Open, Optimistic, Different
“It would not be an exaggeration to say that the Democrats’ nomination of Barack Obama as their candidate for president has done more to improve America’s image abroad — an image dented by the Iraq war, President Bush’s invocation of a post-9/11 ‘crusade,’ Abu Ghraib, Guantanamo Bay and the xenophobic opposition to Dubai Ports World managing U.S. harbors — than the entire Bush public diplomacy effort for seven years,” writes N.Y. Times columnist Thomas L. Friedman in a piece dated 6.11
“Of course, Egyptians still have their grievances with America, and will in the future no matter who is president — and we’ve got a few grievances with them, too. But every once in a while, America does something so radical, so out of the ordinary — something that old, encrusted, traditional societies like those in the Middle East could simply never imagine — that it revives America’s revolutionary ‘brand’ overseas in a way that no diplomat could have designed or planned.

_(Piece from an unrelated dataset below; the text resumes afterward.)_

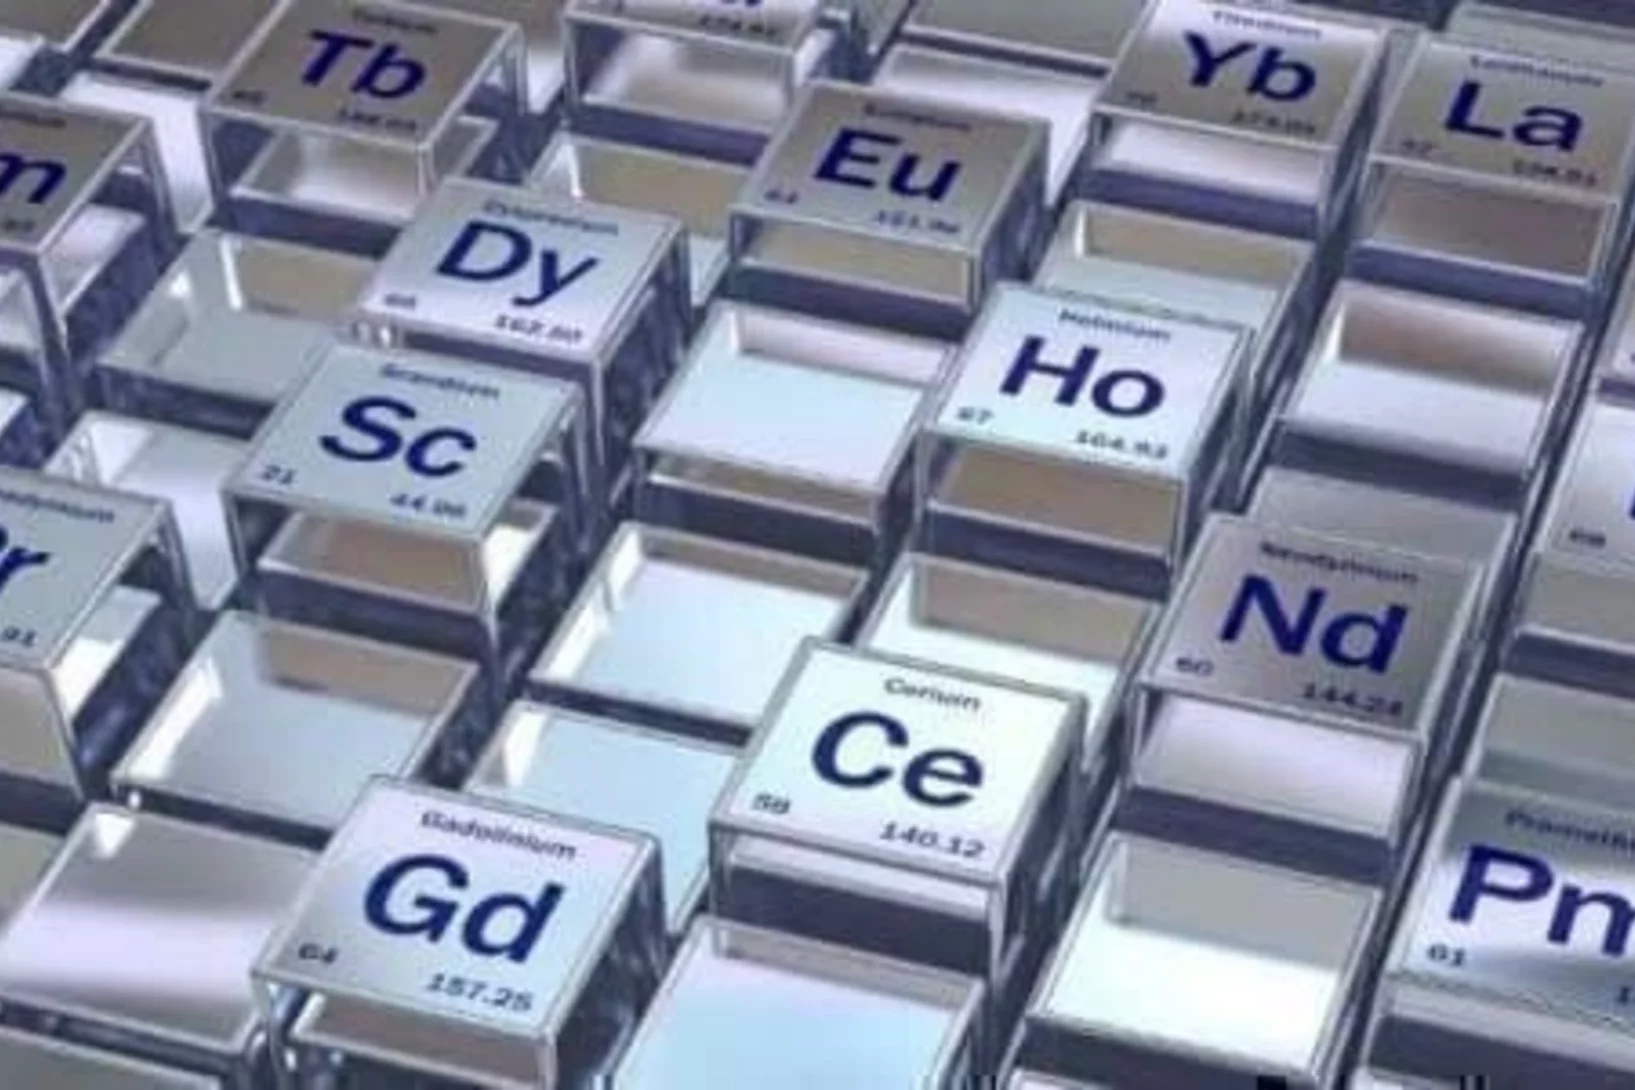 The 17 elements of rare earths

“Egyptian officials [are] particularly excited about Obama’s nomination because it might mean that being labeled a ‘pro-American’ reformer is no longer an insult here, as it has been in recent years. As one U.S. diplomat put it to me: Obama’s demeanor suggests to foreigners that he would not only listen to what they have to say but might even take it into account. They anticipate that a U.S. president who spent part of his life looking at America from the outside in — as John McCain did while a P.O.W. in Vietnam — will be much more attuned to global trends.

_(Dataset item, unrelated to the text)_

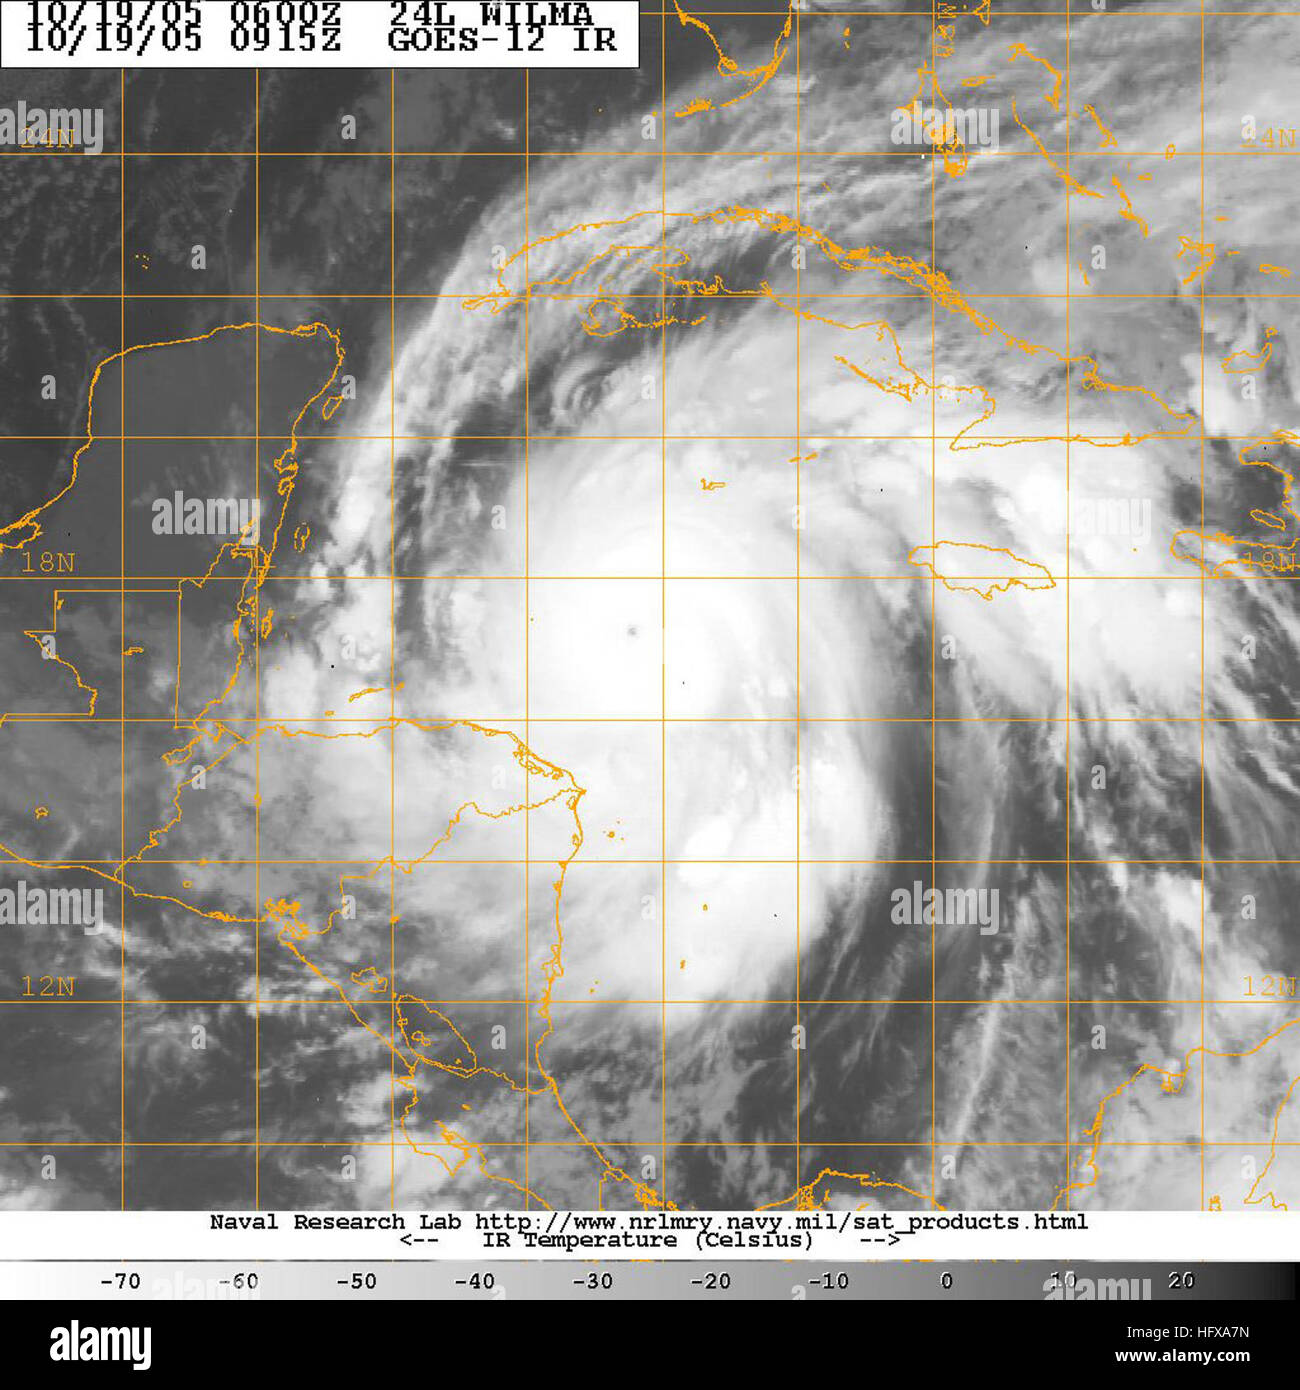 051019-N-1234W-001 Carribean Sea (Oct. 19, 2005) - Satellite image provided by the U.S. Naval Research Laboratory, Monterey, Calif., showing the status of Hurricane Wilma at approximately 4:15 am EST. An Air force reconnaissance plane reported a barometric pressure reading of 884 mb. This is the lowest minimum pressure ever measured in a hurricane in the Atlantic Basin. A hurricane watch remains in effect in Cuba. All interests in the Florida Keys and the Florida Peninsula should closely monitor the progress of extremely dangerous Hurricane Wilma. At 5 AM EDT 0900z the center of Wilma was loca Stock Photo

“Yes, all of this Obama-mania is excessive and will inevitably be punctured should he win the presidency and start making tough calls or big mistakes. For now, though, what it reveals is how much many foreigners, after all the acrimony of the Bush years, still hunger for the ‘idea of America’ — this open, optimistic, and, indeed, revolutionary, place so radically different from their own societies.”
Dogg and Baby Girl
“Barack Obama makes me feel good to be a black man. Just seein’ him up there representin’ intelligently and really knowing what he talkin’ about and defending his shit even when they try and shoot at him. The old president and baby girl — Bill and Hill — they tried to double wop on him. Boo bop. But he have enough game to get out of that.”

Snoop Dogg “What I’ve Learned” spread spread in current issue of Esquire — page 104 and 105 interviewed by Mike Sager
Honestly — what is that with African-American guys and scary dogs? Has anyone ever seen a rapper walking around with a love dog of any kind? A golden retriever, say, or a cocker spaniel or anything that isn’t bred to maul and bite and inspire fear? Always the pit bulls with these guys and the threat of having your ankle bone crushed into splinters when the beast lunges at you and sinks his teeth in.
Never So Serious

The yellow teeth are perfect.
The Indy That Died
Is this the real deal ? Frank Darabont‘s script of Indiana Jones and the City of the Gods, I mean? The legendary Indy 4 script that Steven Spielberg and Harrison Ford allegedly liked, but which George Lucas didn’t and vetoed? Apparently so.
But if you’re interested in reading this 11.4.03 draft, you’d better copy it quick. I’ve been told that Paramount will come down hard on anyone who’s linking to the original website that’s running it, which is an outfit called PDF Screenplays.